In the midst of a meeting to discuss an employee’s performance, the employee becomes agitated and upset. They advise they are struggling in their role and then they announce their resignation. Can the employer rely on this resignation or are they required to give the employee a “cooling off” period to consider their decision?
Two recent cases in the Employment Court have cast doubt on “cooling off” periods always being required after “heat of the moment” resignations by employees.
In the first case, Mikes Transport Warehouse Limited v Vermuelen, it was held that the key question is whether, looking at the facts from the perspective of someone standing in the employee’s shoes, it can be said that the employee resigned at the time, rather than simply whether the resignation occurred in a moment of distress, anger or frustration or whether a fair and reasonable employer could have accepted such a resignation.
In other words, just because a resignation occurred in those circumstances, this does not mean that it was not a valid resignation. A resignation does not need to be justified, demonstrably sensible or well thought through. However, would someone in the employee’s shoes at the time consider that their employment had ended?
The Court also noted that, if there are concerns about the circumstances of the resignation, these can still be considered in the context of the law of “constructive dismissal”, such as whether the employee was effectively compelled into resigning or given the choice between resigning or being dismissed.

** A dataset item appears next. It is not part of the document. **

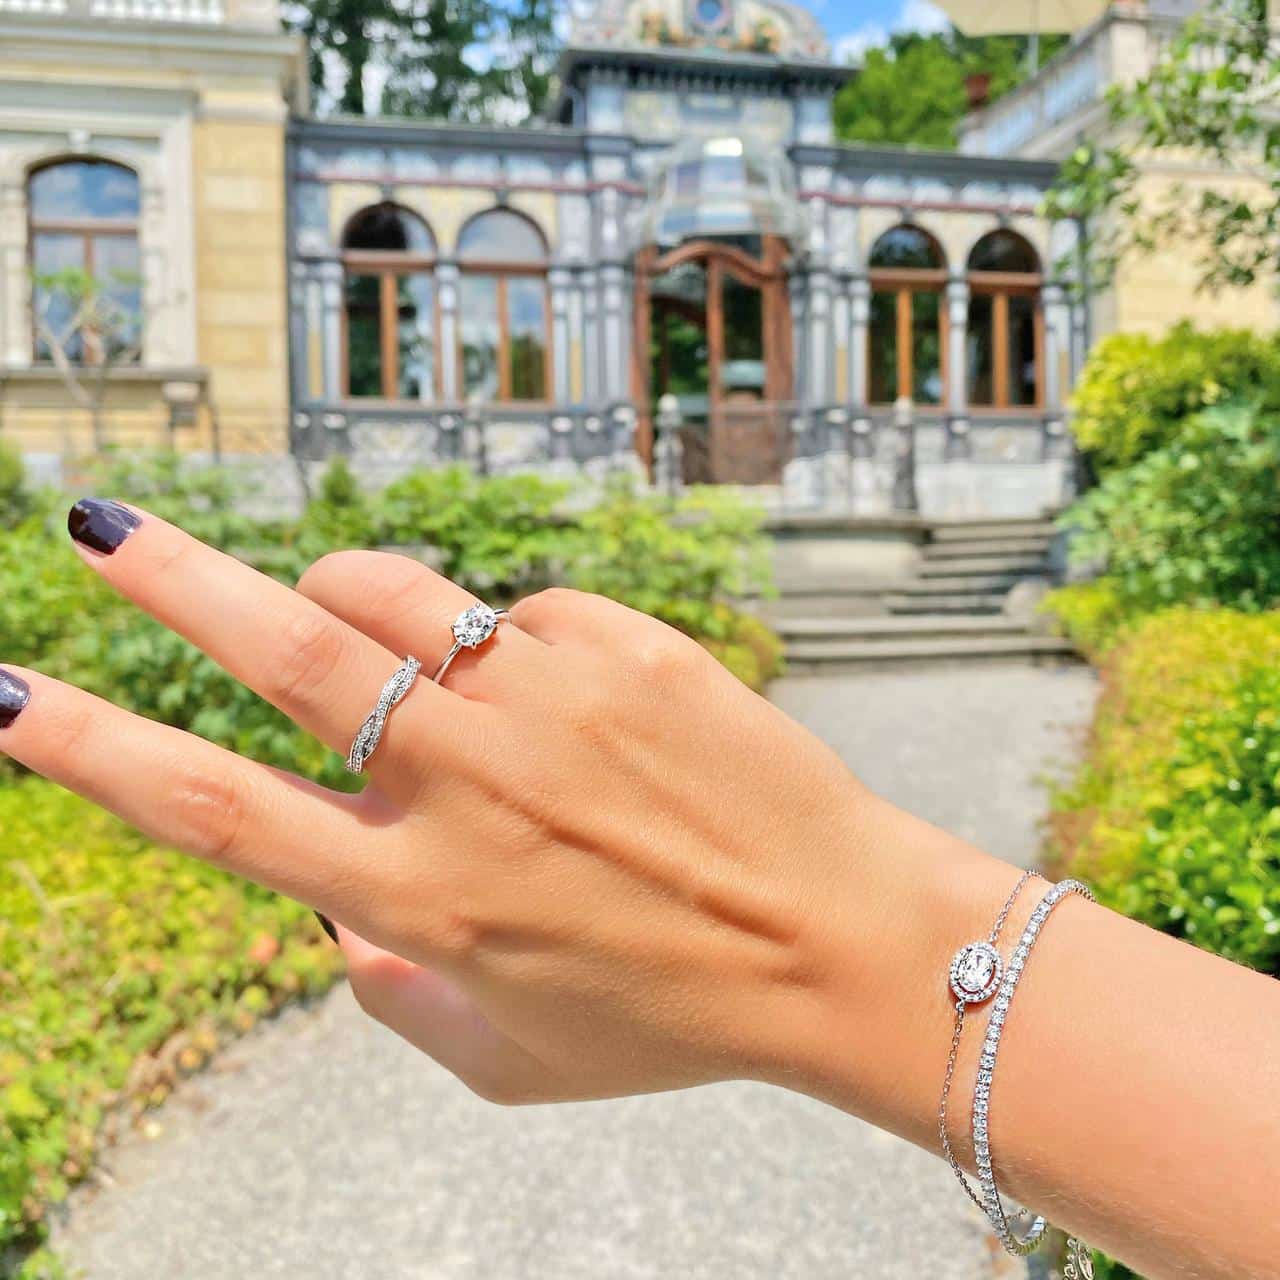 Ring aus Sterling Silber mit ovalem Zirkonia mit Kranz gestylt zu weiterem Schmuck vor Villa in Zürich

Further, even if there is a valid resignation, this does not stop the parties later agreeing to the employer re-engaging the employee if that is what they want to do after a time of reflection.
The principles from Vermuelen were applied in Urban Décor Ltd v Yu. In that case, two employees said that they quit after a heated exchange with their employer, they then took their bags and left the workplace and did not return for the rest of the day. The employees did not clock out and no contact was made until after work. In addition, when contact was made, it did not indicate an intention to return to work. Mr Han sent the two employees dismissals letters early the next morning.
The Court held that, on an objective basis, “the facts support a finding that Ms Yu and Ms Jin resigned. Mr Han’s dismissal letters do not, and cannot, turn those resignations into dismissals; nor do his subsequent statements where he admits having dismissed them”.
Key takeaways
Despite the above, there is still merit in employers giving employees a “cooling off’ period if there is a heat of the moment resignation and then checking in with the employee to see if the resignation stands. This is particularly given that an allegation of constructive dismissal is still a possibility.
However, what these cases do suggest is that, if an employer finds themself in a situation where they did not give an employee a cooling off period, this will not necessarily stop the employee being found to have resigned.